接著我們繼續看 input.initialize()
static class NewTrackingRecordReader<K, V> extends org.apache.hadoop.mapreduce.RecordReader<K, V> {
public void initialize(org.apache.hadoop.mapreduce.InputSplit split, TaskAttemptContext context) throws IOException, InterruptedException {
long bytesInPrev = this.getInputBytes(this.fsStats);
//調用 RecordReader對象的 initialize方法,初始化輸入。上面說到默認的是LineRecordReader
//this.real已經在上面初始化了,就是LineRecordReader
this.real.initialize(split, context);
long bytesInCurr = this.getInputBytes(this.fsStats);
this.fileInputByteCounter.increment(bytesInCurr - bytesInPrev);
}
}
可以看到,調用 RecordReader中的 initialize 方法,也就是調用LineRecordReader 中的 initialize() 方法,下面看看
//---------------------------------------LineRecordReader.java
public void initialize(InputSplit genericSplit, TaskAttemptContext context) throws IOException {
FileSplit split = (FileSplit)genericSplit;
Configuration job = context.getConfiguration();
this.maxLineLength = job.getInt("mapreduce.input.linerecordreader.line.maxlength", 2147483647);
//獲取切片的數據開始位置以及終止位置
this.start = split.getStart();
this.end = this.start + split.getLength();
//獲取切片對應的文件的輸入流
Path file = split.getPath();
FileSystem fs = file.getFileSystem(job);
this.fileIn = fs.open(file);
//如果文件有壓縮,則用壓縮類解壓
CompressionCodec codec = (new CompressionCodecFactory(job)).getCodec(file);
//以壓縮方式讀取切片
if (null != codec) {
this.isCompressedInput = true;
this.decompressor = CodecPool.getDecompressor(codec);
if (codec instanceof SplittableCompressionCodec) {
SplitCompressionInputStream cIn = ((SplittableCompressionCodec)codec).createInputStream(this.fileIn, this.decompressor, this.start, this.end, READ_MODE.BYBLOCK);
this.in = new CompressedSplitLineReader(cIn, job, this.recordDelimiterBytes);
this.start = cIn.getAdjustedStart();
this.end = cIn.getAdjustedEnd();
this.filePosition = cIn;
} else {
if (this.start != 0L) {
throw new IOException("Cannot seek in " + codec.getClass().getSimpleName() + " compressed stream");
}
this.in = new SplitLineReader(codec.createInputStream(this.fileIn, this.decompressor), job, this.recordDelimiterBytes);
this.filePosition = this.fileIn;
}
} else {
//無壓縮方式讀取切片
this.fileIn.seek(this.start);
//這里很重要,是真正用于讀取數據的類
this.in = new UncompressedSplitLineReader(this.fileIn, job, this.recordDelimiterBytes, split.getLength());
this.filePosition = this.fileIn;
}
//對起始偏移量進行修正,并賦值給pos這個偏移量
if (this.start != 0L) {
this.start += (long)this.in.readLine(new Text(), 0, this.maxBytesToConsume(this.start));
}
this.pos = this.start;
}
這里的工作主要是給 RecordReader對象讀取文件做初始化工作。主要就是獲取切片的輸入流對象。

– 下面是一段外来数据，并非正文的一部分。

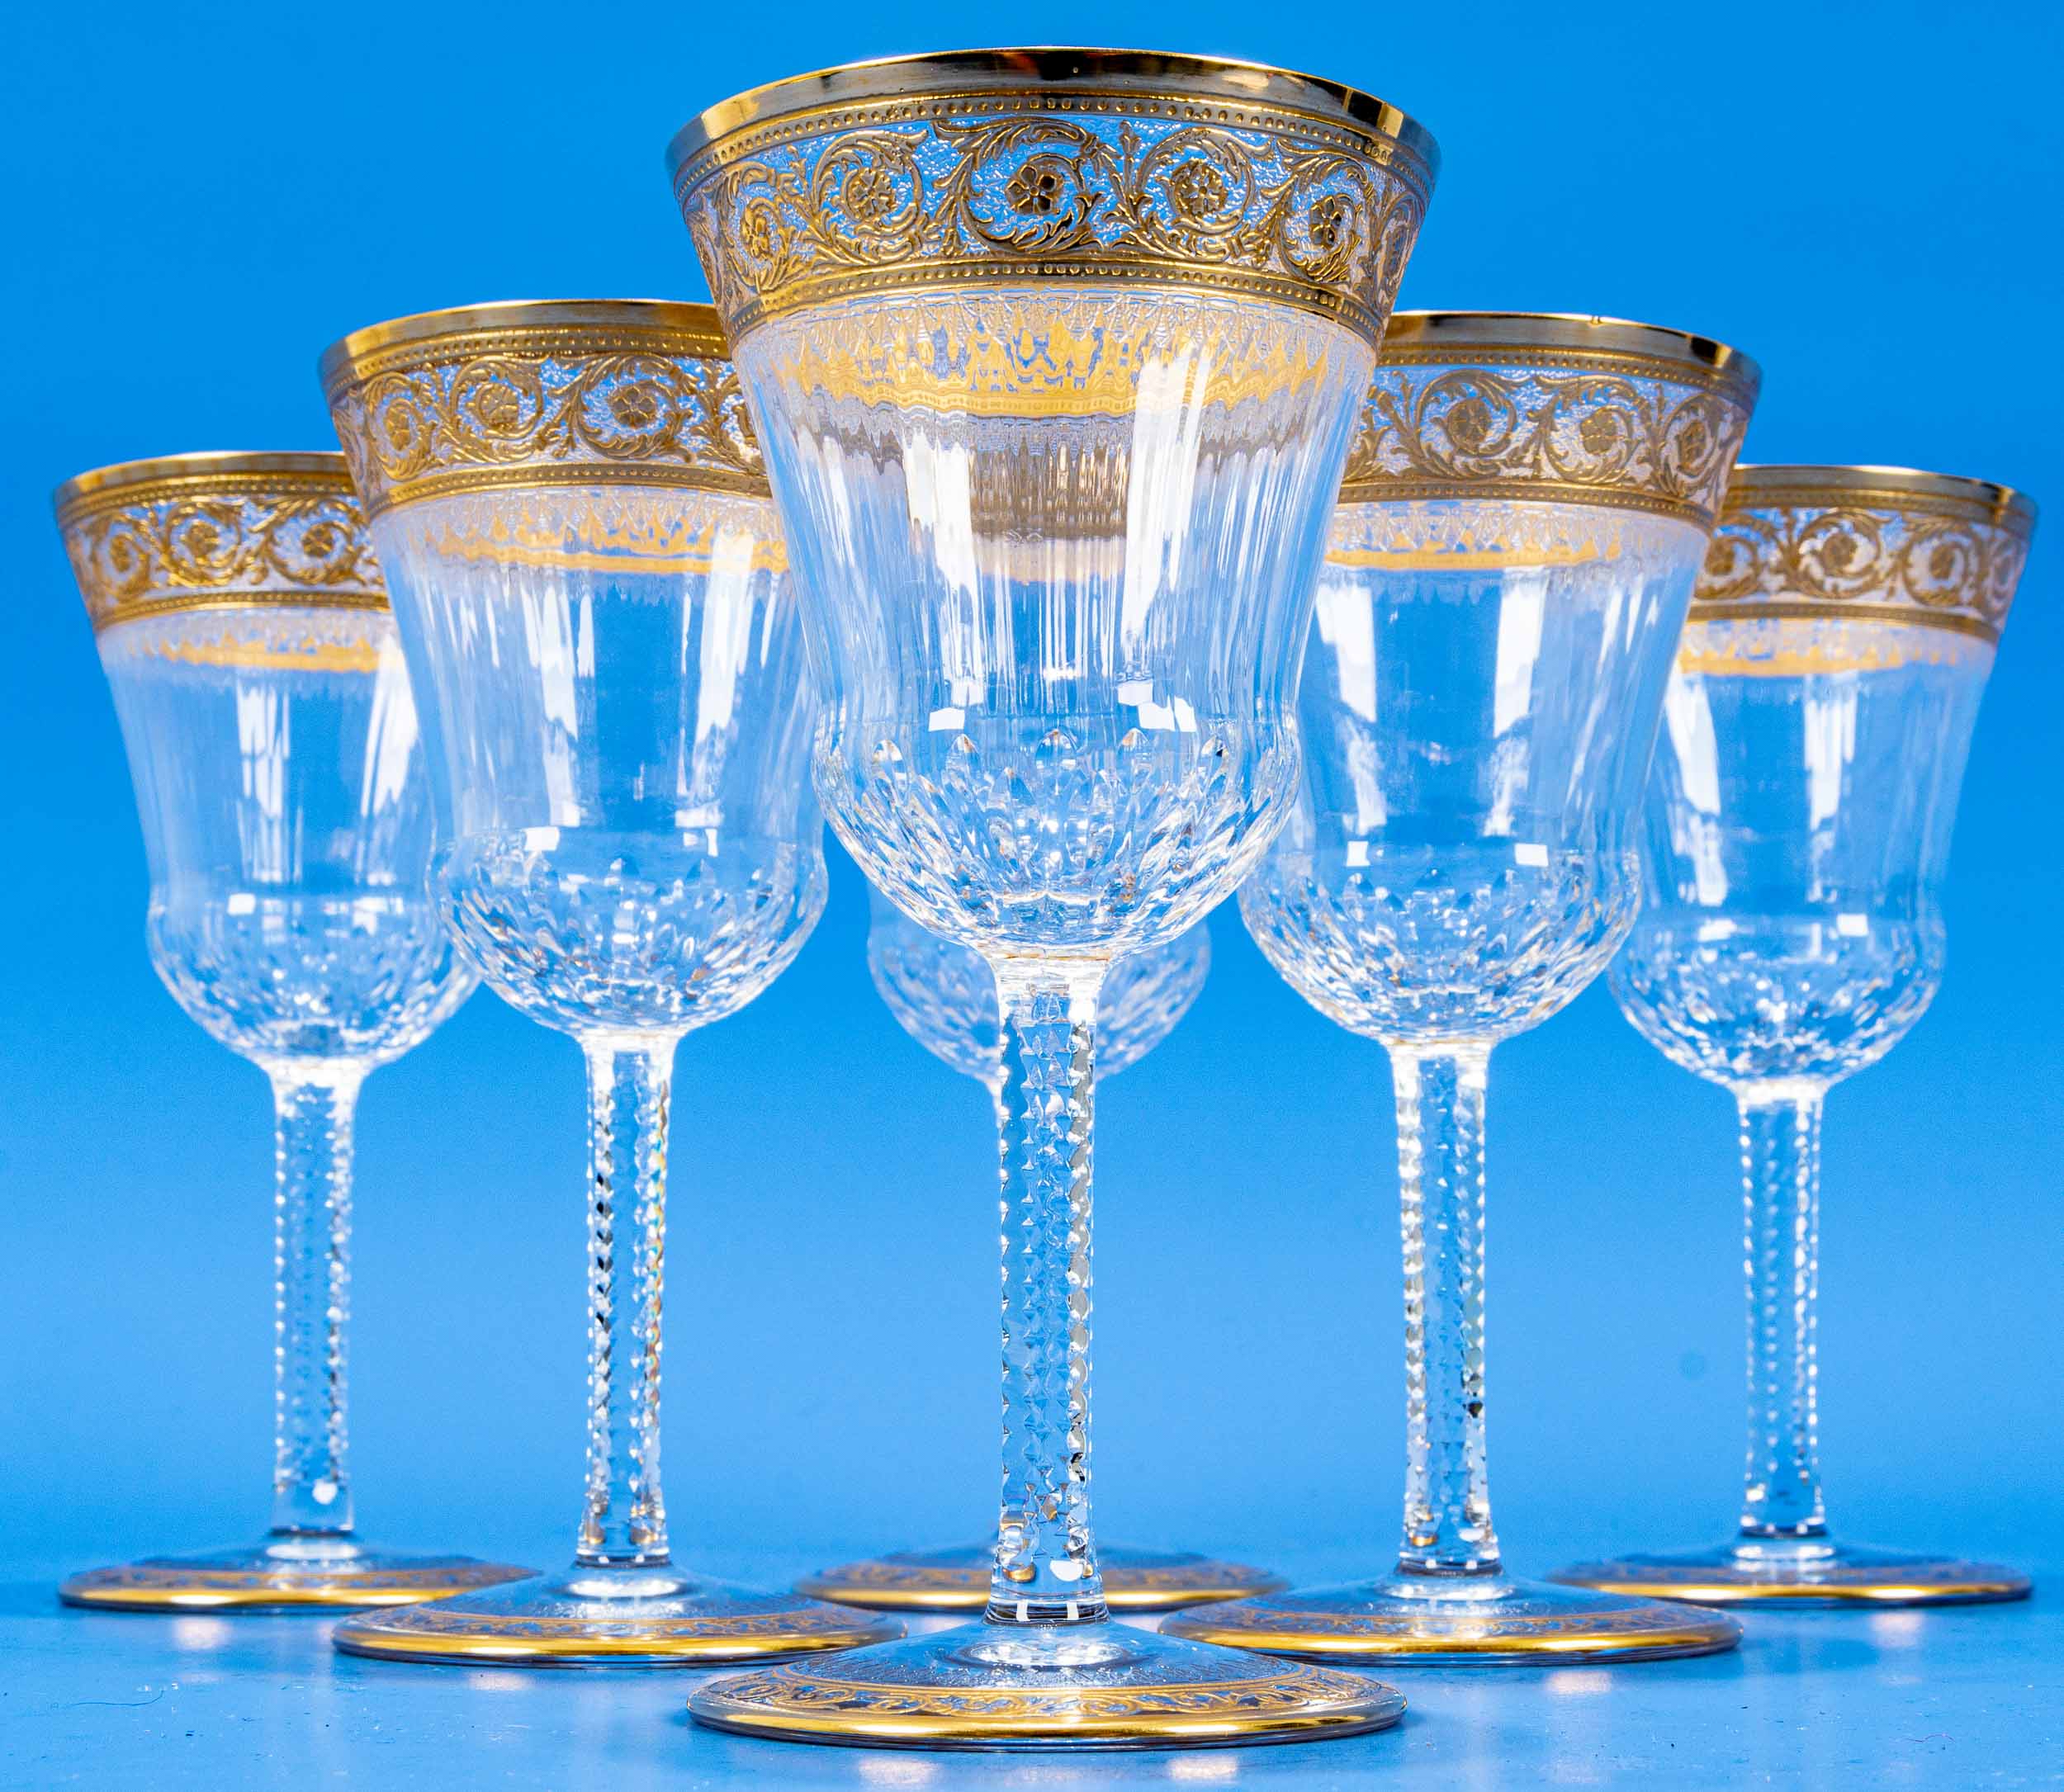 Folge von 6 edlen Weingläsern, schweres farbloses Kristallglas mit aufwändigen Gold- & Schliffdekor

this.in 這里就用于后面讀取數據的對象,這里就是完成了這個輸入流對象的初始化。
這個其實就是寫的mapper 的run方法:
//------------------------Mapper.java mapper.run(mapperContext);
public void run(Mapper<KEYIN, VALUEIN, KEYOUT, VALUEOUT>.Context context) throws IOException, InterruptedException {
this.setup(context);
try {
//這里循環讀取key和value,給map方法處理
//關鍵在于 context這個對象,從上面runNewApi中可以看到,是MapContextImpl類型的
while(context.nextKeyValue()) {
this.map(context.getCurrentKey(), context.getCurrentValue(), context);
}
} finally {
this.cleanup(context);
}
}
可以看到,這里是個while循環,通過context上下文對象獲取KV,然后傳入map方法中處理。
從3中可以看到,這個context是 MapContextImpl類型的,看看這個類
//-----------------------MapContextImpl.java..

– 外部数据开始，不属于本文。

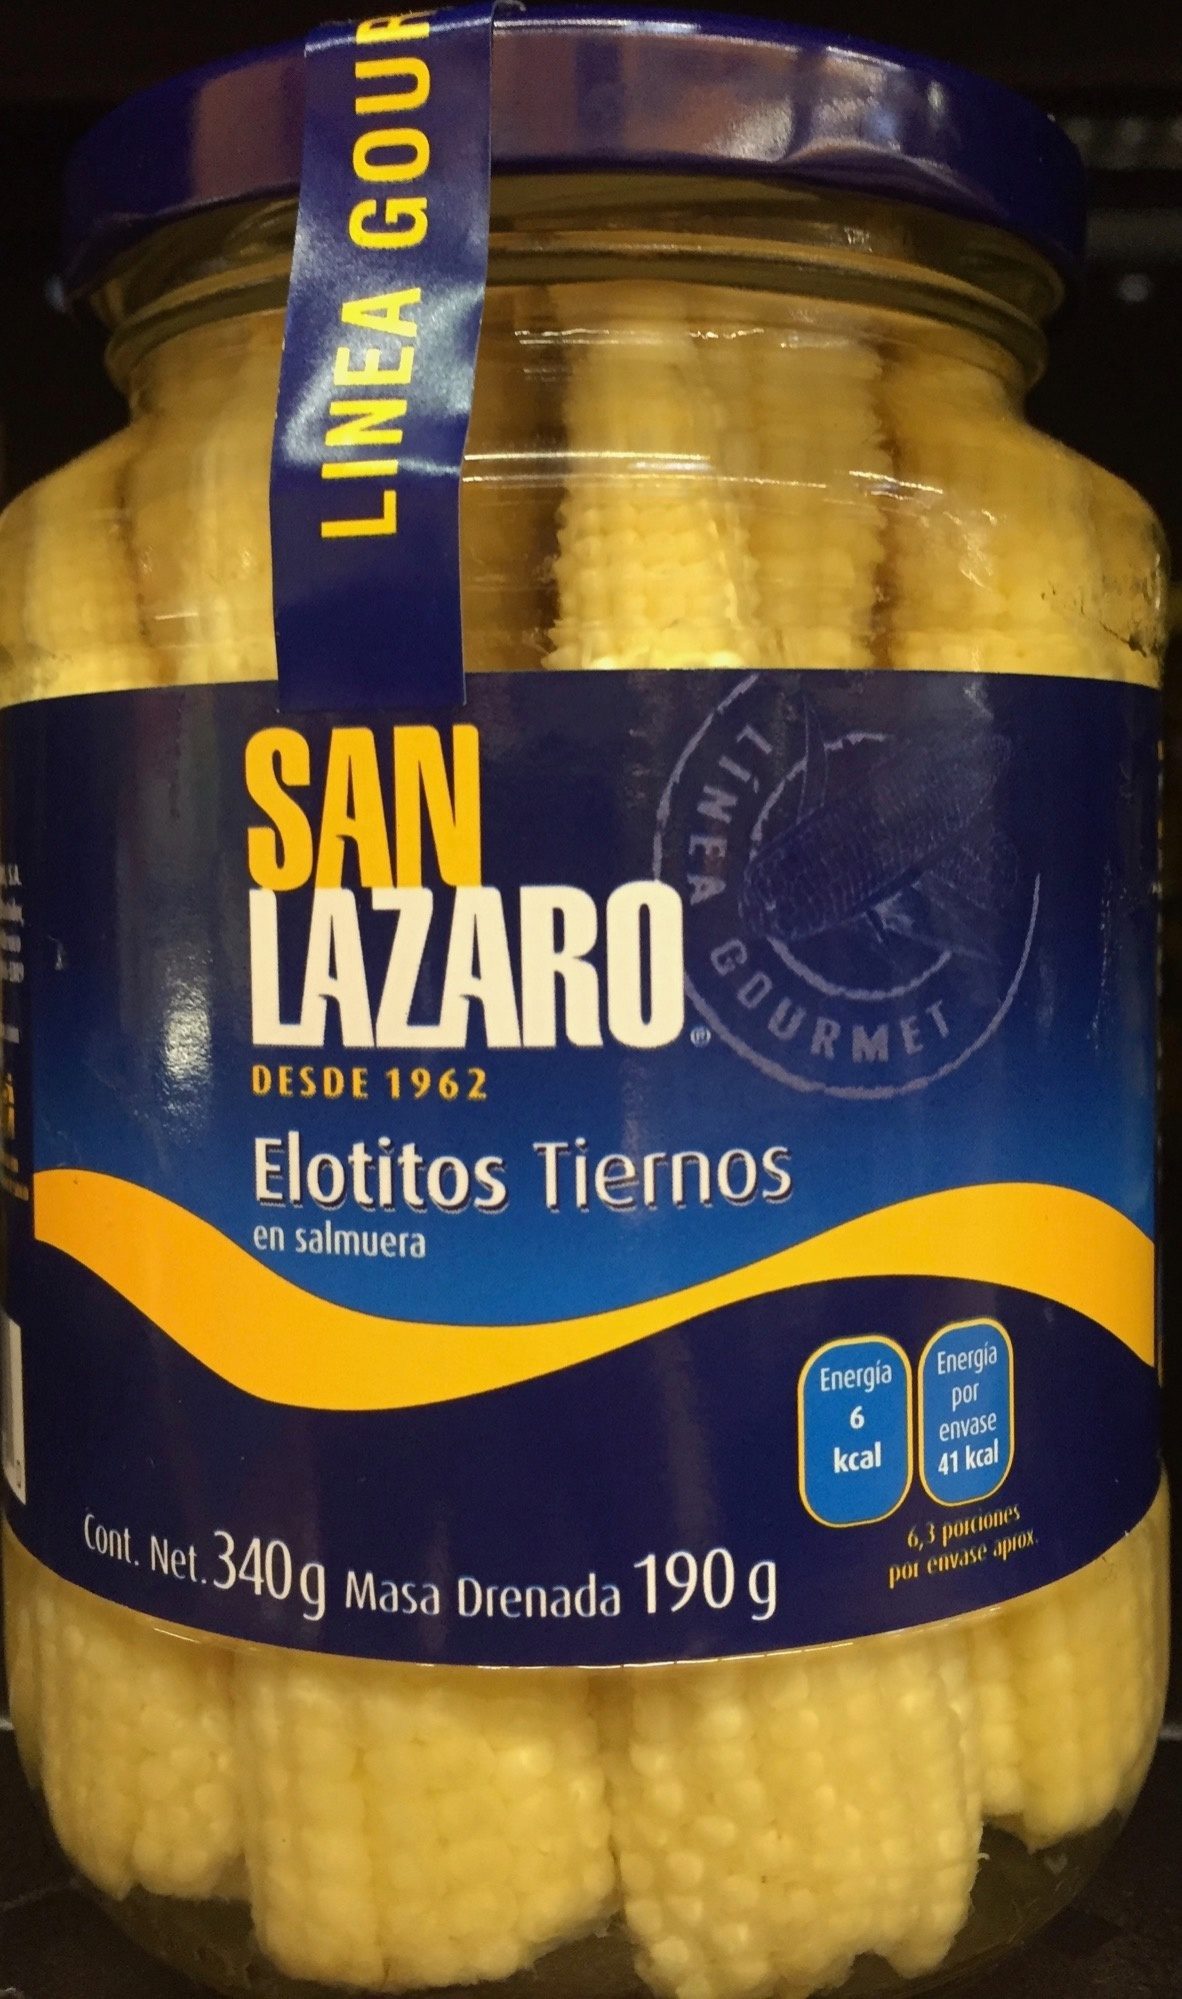 Elotitos tiernos San Lázaro - Producto

public class MapContextImpl<KEYIN, VALUEIN, KEYOUT, VALUEOUT> extends TaskInputOutputContextImpl<KEYIN, VALUEIN, KEYOUT, VALUEOUT> implements MapContext<KEYIN, VALUEIN, KEYOUT, VALUEOUT> {
private RecordReader<KEYIN, VALUEIN> reader;
private InputSplit split;
//構造方法中包括獲取 RecordReader對象,以及split
public MapContextImpl(Configuration conf, TaskAttemptID taskid, RecordReader<KEYIN, VALUEIN> reader, RecordWriter<KEYOUT, VALUEOUT> writer, OutputCommitter committer, StatusReporter reporter, InputSplit split) {
super(conf, taskid, writer, committer, reporter);
this.reader = reader;
this.split = split;
}
public InputSplit getInputSplit() {
return this.split;
}
//下面都是調用 RecordReader 中的get方法獲取key value
public KEYIN getCurrentKey() throws IOException, InterruptedException {
return this.reader.getCurrentKey();
}
public VALUEIN getCurrentValue() throws IOException, InterruptedException {
return this.reader.getCurrentValue();
}
public boolean nextKeyValue() throws IOException, InterruptedException {
//這里就是調用reader 的方法
return this.reader.nextKeyValue();
}
}
在它的構造方法中,主要從3中傳入了 split切片,以及 RecordReader對象。下面就是三個獲取KV的方法,也就是在 mapper.run() 中調用的方法。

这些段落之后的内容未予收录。